In this case, N isn’t blocked, but it won’t be able to make any progress. We’re livelocked.

Livelock can be mitigated by using broadcast (which causes a dogpile of all of the newly awakened threads) or by setting a timeout parameter to the threads. The timeout dictates how long the thread can sleep, so it works like a staggered broadcast.

The paper outlines three recommended solutions if a process waiting in a monitor needs to resume (and it’s taking too long to get control back):

  1. Timeout using the timeout interval associated with the condition variable. Originally, the timeout raised an exception, but they decided that the “cost and complexity of handling the exception” wasn’t worth the design (people were using it to retry processes, so it was an expected behavior). So timeouts don’t cause exceptions.
  2. Abort another process.

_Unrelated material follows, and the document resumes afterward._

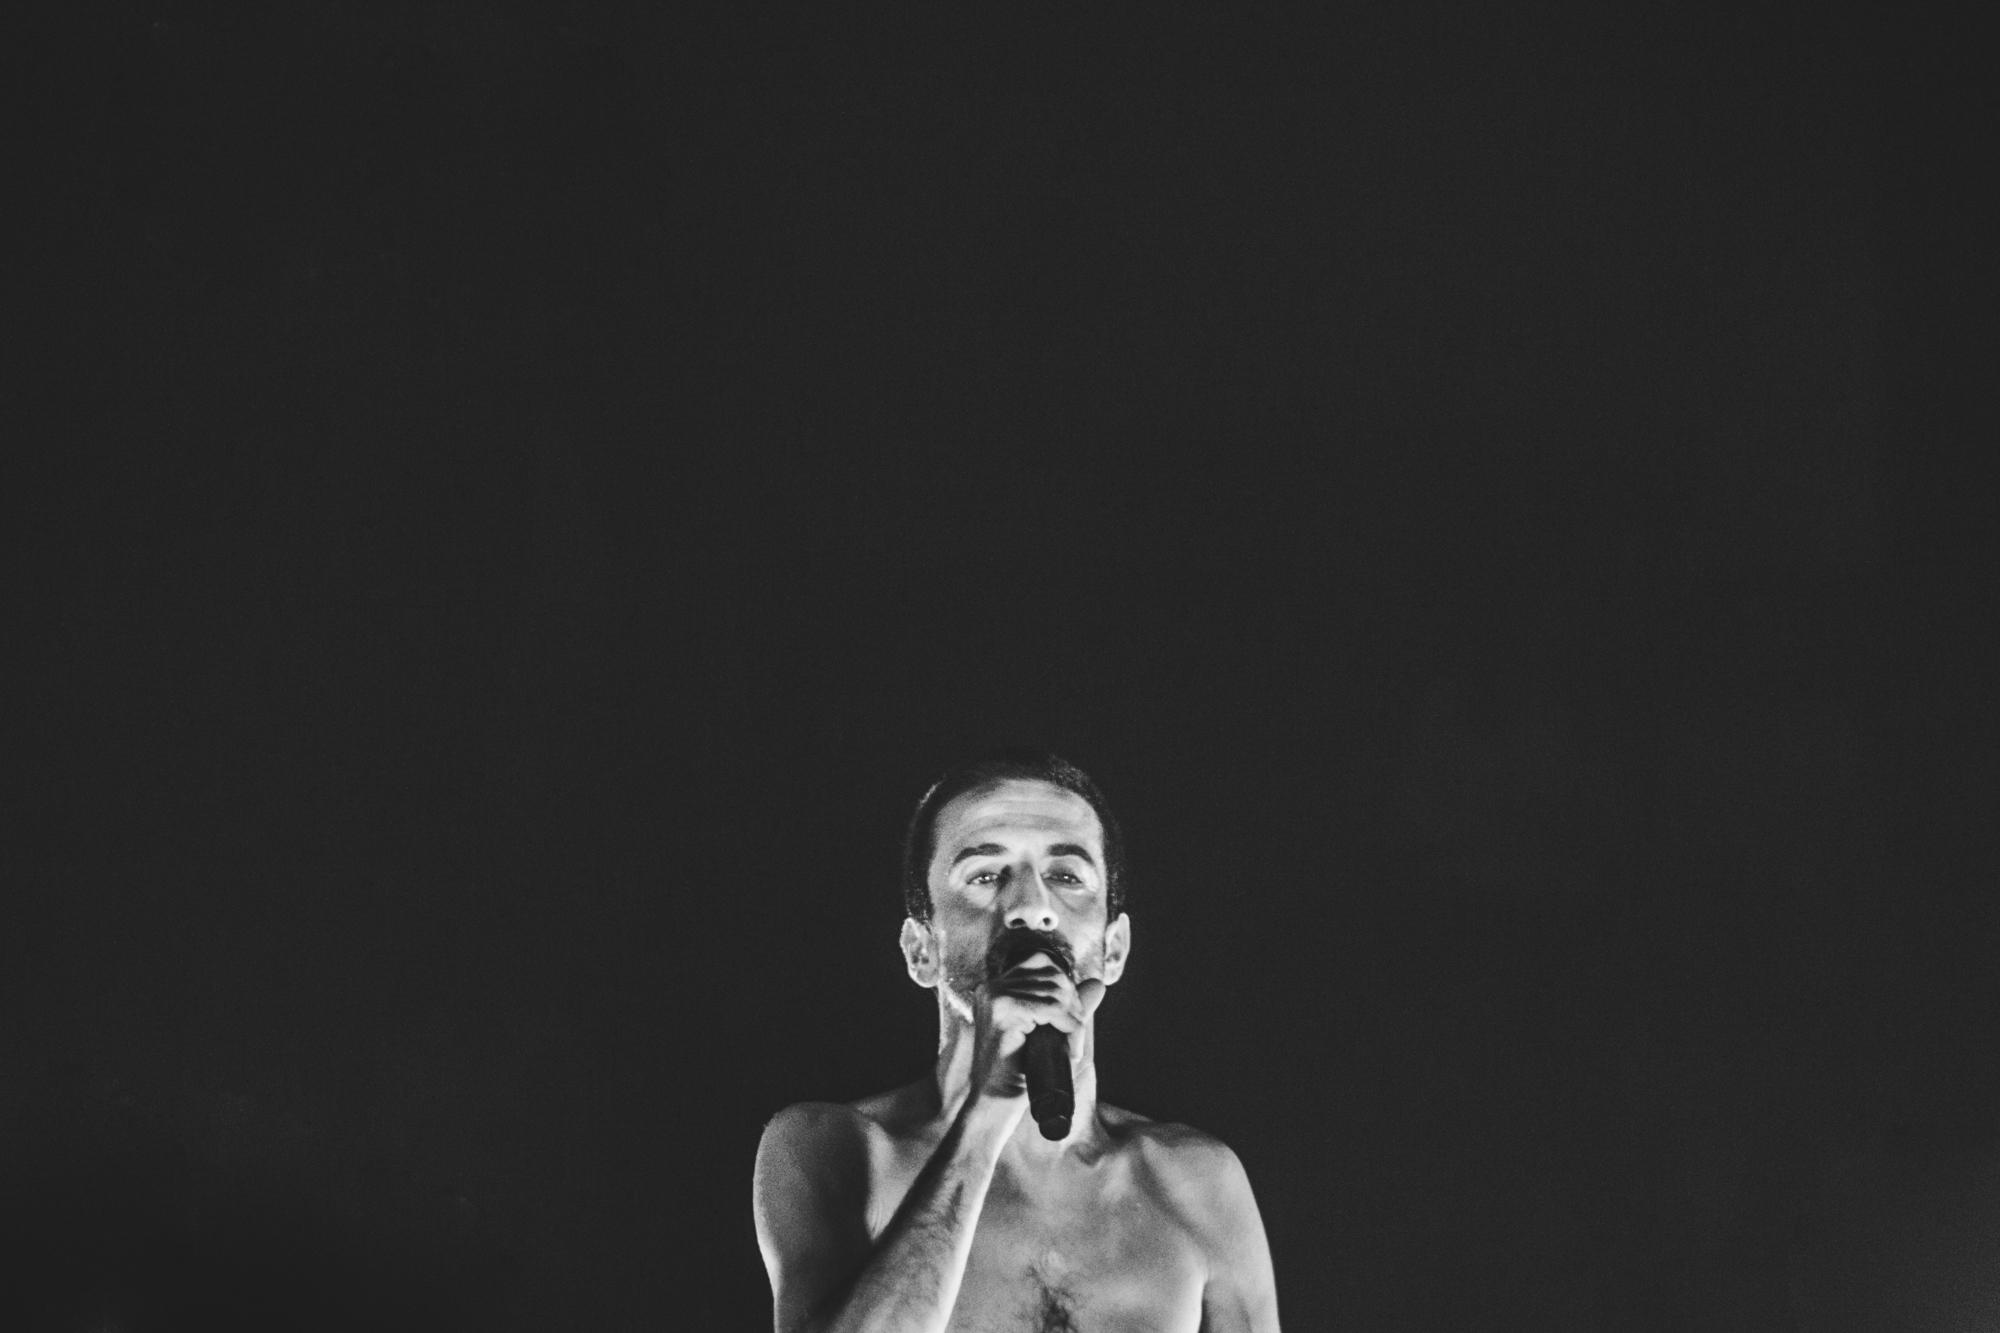 Fotografia: Sofia Matos Silva

The next time the “aborted” process waits, it will resume and handle the abort exception (implemented via a state change in the queue). But the “aborted” process can actually just decide not to abort, so this is more of a nudge of “hey, you should terminate, I’m going to take a while” than anything.
  3. Broadcast issues a NOTIFY to all of the waiting threads. Typically done if you need either all of the threads to try something (eg. multiple readers or maybe you need a specific thread to run but you don’t know which one).
Also, trick question, can a single process deadlock with itself? Yes, consider a recursive entry procedure (the example given in the paper)! Weird, right?

Conclusion

Today, Hoare-style monitors are taught for program correctness and the mathematics of programming. Because they immediately give up the lock and CPU to the waiter, they give strict guarantees for the state of the critical section.

Mesa-style monitors are used by the POSIX library for the pthread_cond_wait(), pthread_cond_signal(), and pthread_cond_broadcast() functions.8 So Mesa monitors are used in actual operating systems today!

Sources & Notes

  1. The paper itself, Experience with Processes and Monitors in Mesa  2 3 4

  2. Wikipedia article on the Xerox Star 

  3. MIT concurrency reading for the Software Construction class 

  4. Admittedly, I don’t think any critical section data would be modified by the page fault handler. 

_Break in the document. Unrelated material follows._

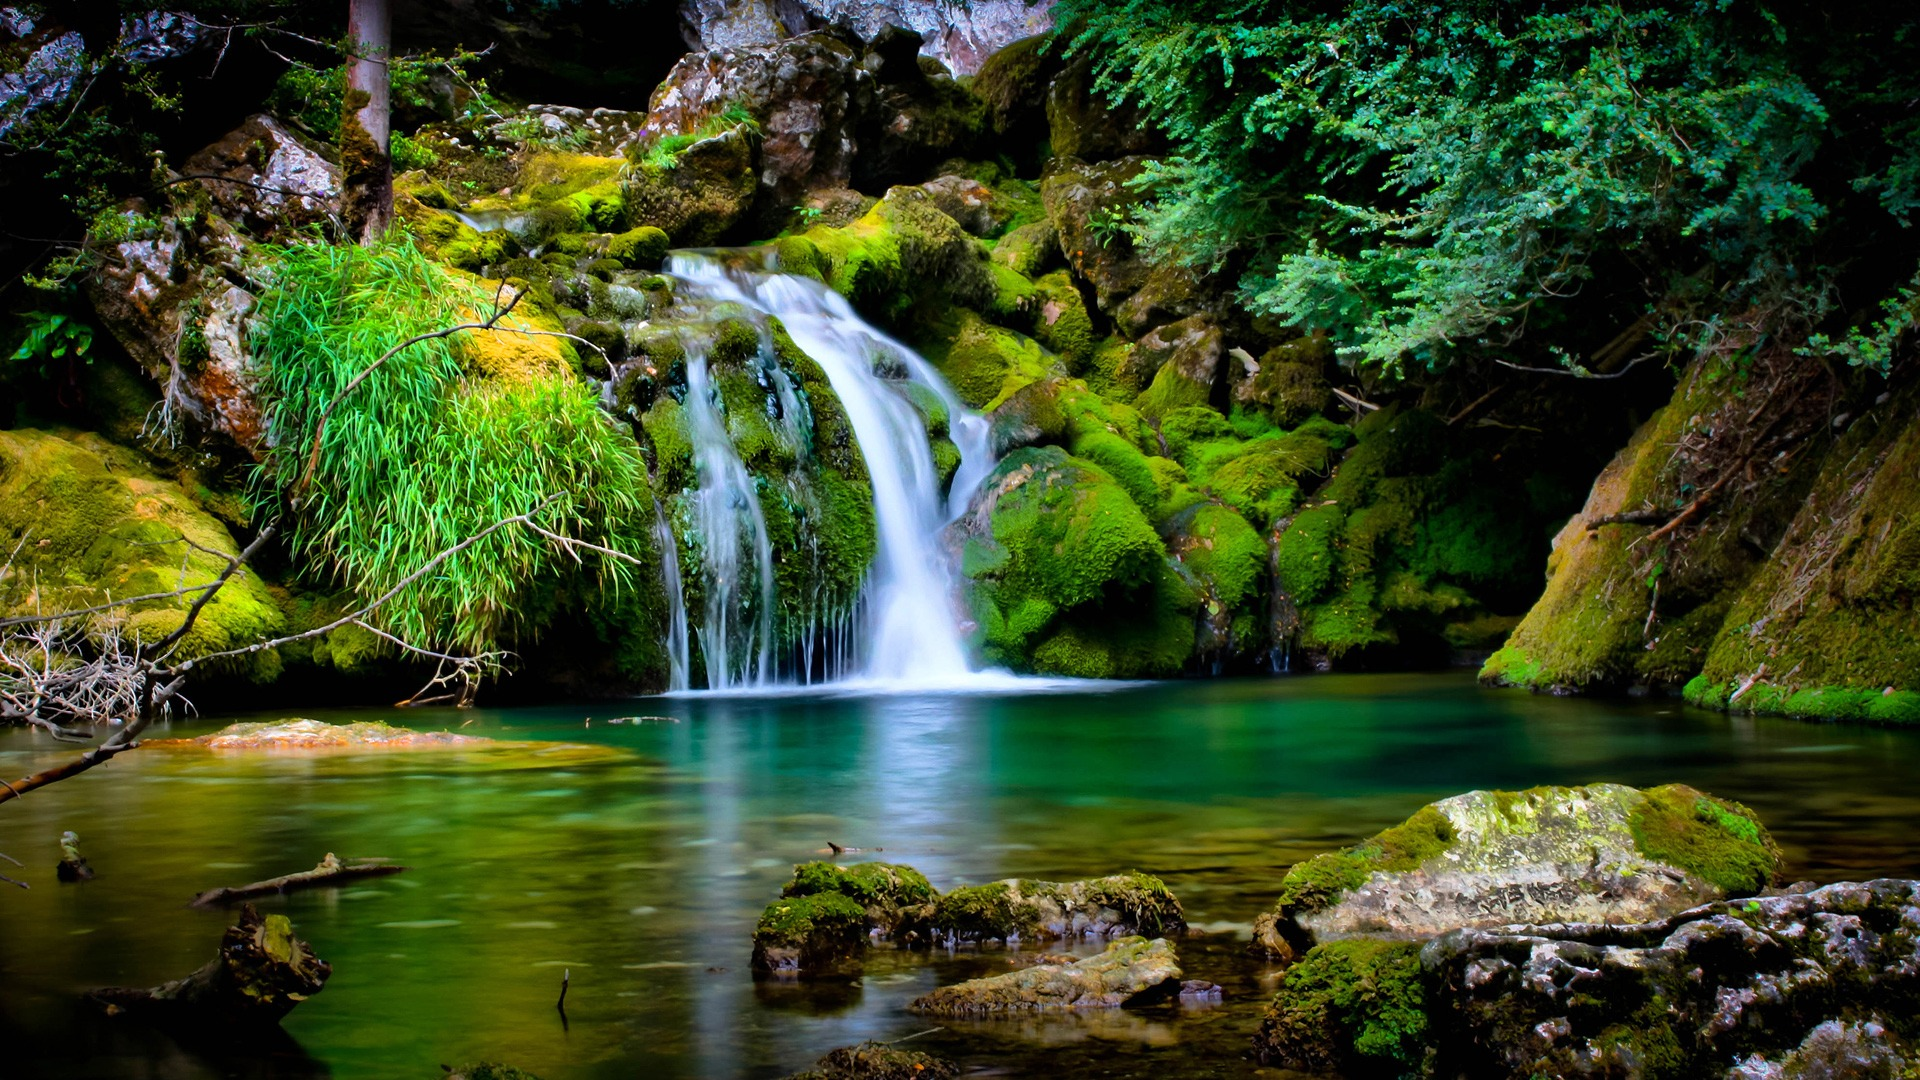 Garden of eden the new divine humanity for Jardin of eden

  5. Adapted from Cornell notes on Mesa-style monitors 

  6. UC San Diego graphs of monitor semantics and Wikipedia article on monitors 

  7. Check out Robert Lee Rappaport’s thesis paper, pages 33-34 of file (34-35 of the paper). 

  8. See section “Condition Wait Semantics” of the Linux man page for pthread_cond_wait(3) on die.net. Since the invariants aren’t guaranteed as soon as the condition wait returns, this implies that the POSIX mutex is a Mesa-style monitor.